Minister for Housing, Local Government and Heritage Darragh O’Brien TD, also welcomed today’s agreement on a North-East Atlantic Environment Strategy 2030, saying, “today’s agreement supports the ambition Ireland is showing domestically to have clean, healthy, biologically diverse and sustainably used seas and oceans. Our recent publication of the National Marine Planning Framework and the Marine Area Planning Bill shows the steps we are taking to implement integrated marine spatial planning in a way that will facilitate the Sustainable Blue Economy, support new and existing sectoral activities, while also protecting our precious marine environment.”
Ministers O’Brien and Noonan also paid tribute to Richard Cronin, Principal Adviser of the Marine Environment Section in the Department of Housing, Local Government for his work as Chair of the OSPAR Commission and in brokering today’s agreement.
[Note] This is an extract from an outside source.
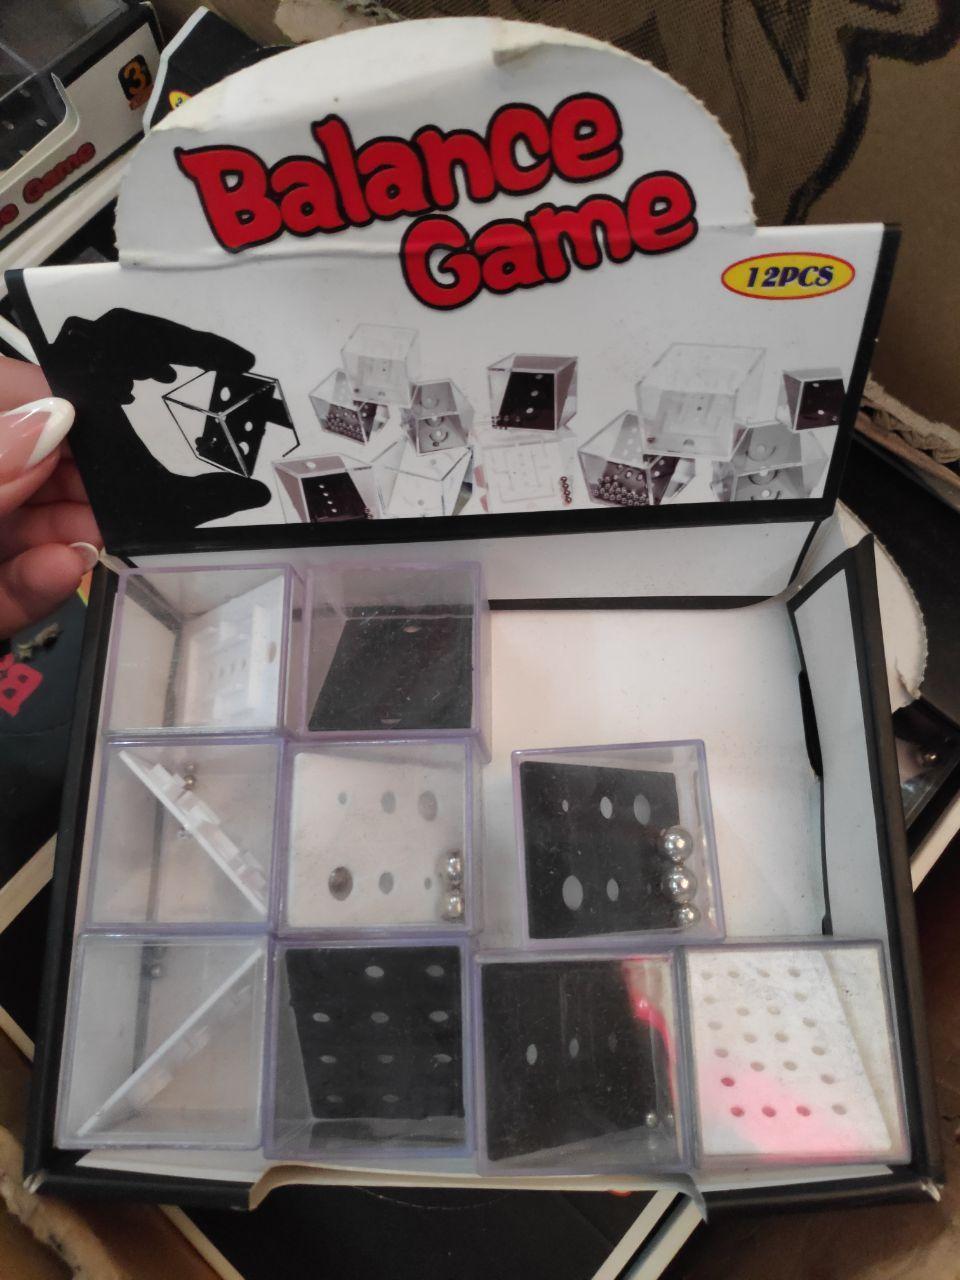 Balance game 12 штук  X13269
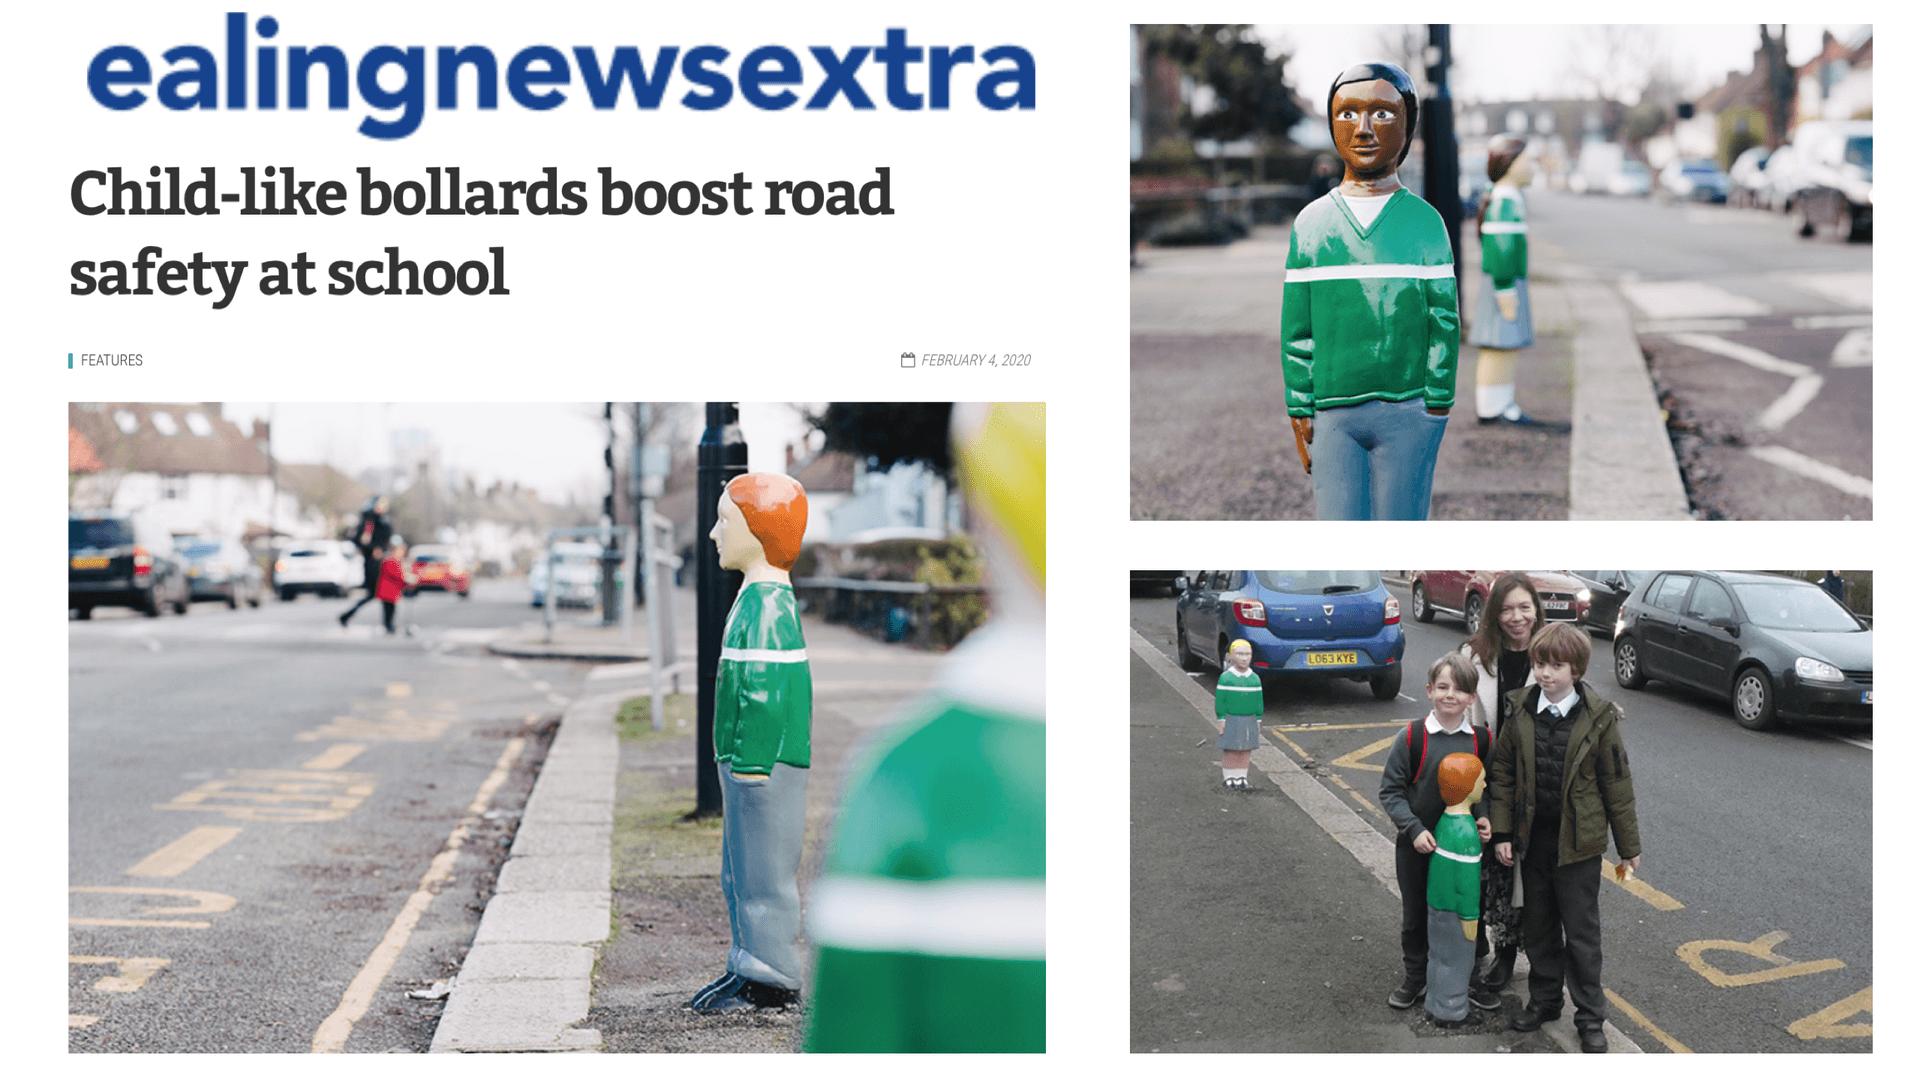 Ealing News Extra - Bollards

“I am very proud that through this very important multilateral organisation Ireland has again shown its ability to act as an honest broker. In this case Richard Cronin, an official in the Department of Housing, Local Government and Heritage, has demonstrated great dedication to progressing OSPAR’s objectives and delivering international agreement at OSPAR’s annual meetings. I am very pleased that Richard has been unanimously re-elected as Commission Chair. I have no doubt he will continue to help Ireland play a pivotal role in our global work to protect our oceans and seas.”